GINI_countries <- GINI %>% filter(Country.Name %in% c('United States', 'India', 'United Kingdom', 'Russian Federation','China'))

#The data doesnt seem to have data for india for more than 1 year. Sorry, Also there is no data for year 2016 and 2017.

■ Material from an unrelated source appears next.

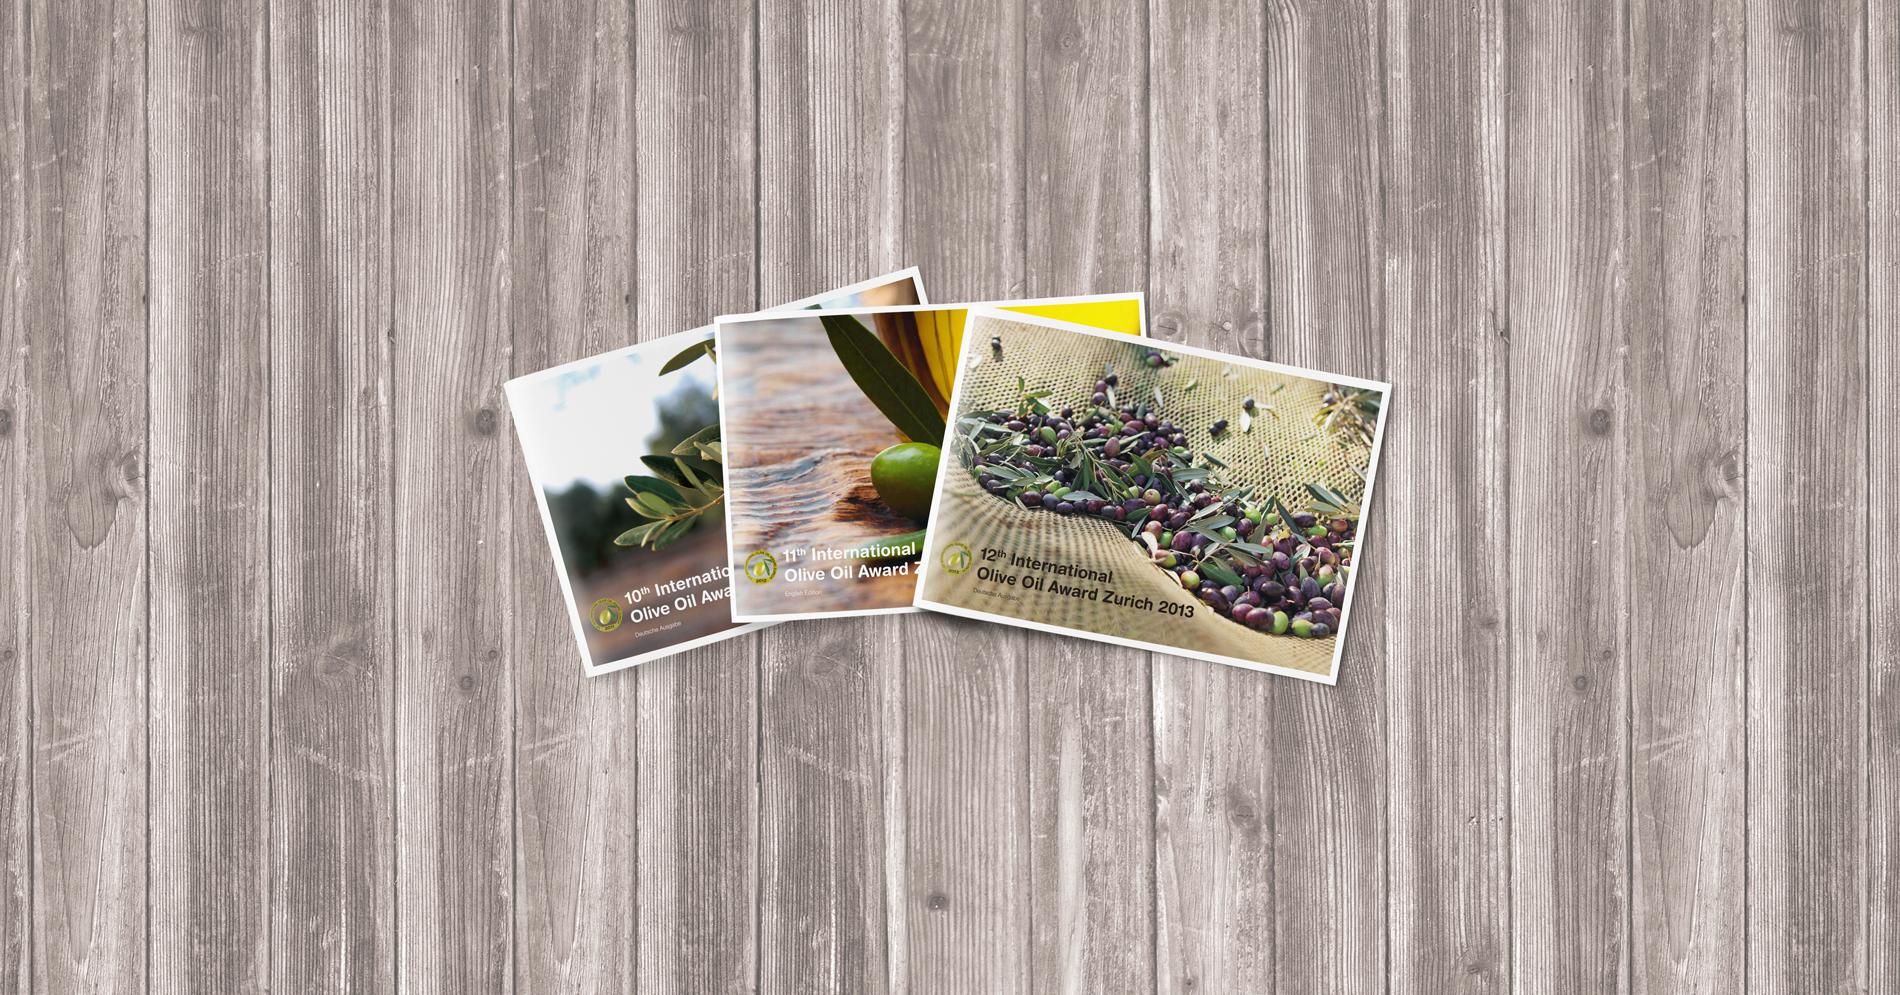 Booklet Broschüre Corporate Publishing Corporate Communication Grafikdesign Konzeption

#Lets plot the selected countries pattern over the Years.
ggplot(GINI_countries, aes(x = Year, y = GINI_Index)) + geom_jitter(width = 0.5, height = 0.5, aes(color = as.factor(Country.Name))) + geom_line(aes(group = Country.Name), lty = 2, color = "blue") + labs(title = "Subset of Countries: GINI Index Plots", x = "Year", y = "GINI Index") 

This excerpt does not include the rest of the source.